Why do we drink water cold when we are thirsty?

I’ve never been to Asia, but I have a feeling that when they enjoy warm water they don’t guzzle it by the litre. Guzzling somehow seems an American thing to do. Maybe it goes hand in hand with their (Americans’) preference for cold water. There is something in the vomiting-due-to-cultural-conditioning theory, though.

I also agree with barbitu8, that cold water is absorbed faster and I don’t know where I heard it. However, it’s not a case of “the colder the better.” There is a certain optimum temperature for water absorption, but I don’t know what it is or why. Is there an absorption expert in the house?

Gordo, you’re right about sipping versus guzzling. It is not the temperature of water that is emetic. It’s the volume.

Think! If warm salty water causes vomiting, then how is it possible to take soup, broth, bouillon, or consommé? The warmth and salt are not what does it. You can sip warm salty liquid slowly and it will not cause vomiting. It’s the rapid increase in volume that does it.

When you chug a huge amount of liquid all at once, the stomach will react violently and expel it.
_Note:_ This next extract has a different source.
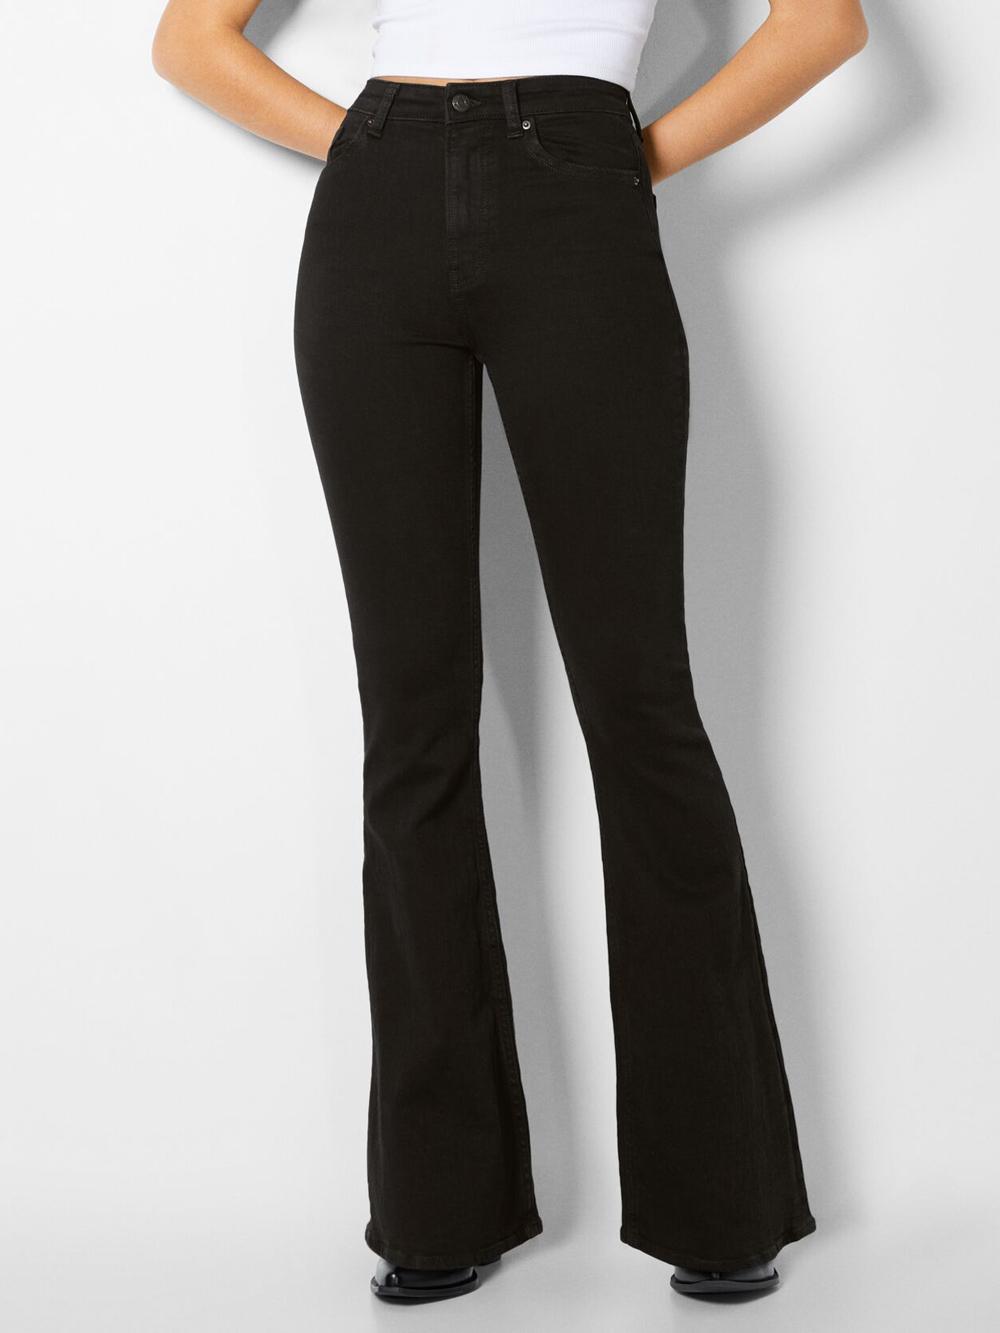 شلوار جین زنانه مدل بوت کات مشکی برند برشکا (سایز 34) - نلی استایل

The reason warmth and salt are used is that they make it easier to down a large amount of liquid rapidly. You can’t chug ice-cold liquid as fast, your throat would seize up.

Soup is used to break fasts and begin meals for exactly the opposite effect: the warm salty liquid helps to settle the stomach. It’s comfort food. As long as you sip it slowly.

May have started with a faulty premise, but it’s a very interesting thread nonetheless.

So if I walk into a Burger King in downtown Beijing and order a Whopper and a Coke, how exactly is the soft drink served? That is, assuming I don’t specify a preference. Ice? Lots? Not much? If none, what is the liquid’s general temperature?

Like I said, drinking large quantities of warm water makes you sick. Early humans didn’t have the luxury of drinking water in small amounts. A lot of people still don’t. I don’t drink water in huge amounts because of cultural conditioning, I do it because I don’t have the luxury of doing otherwise.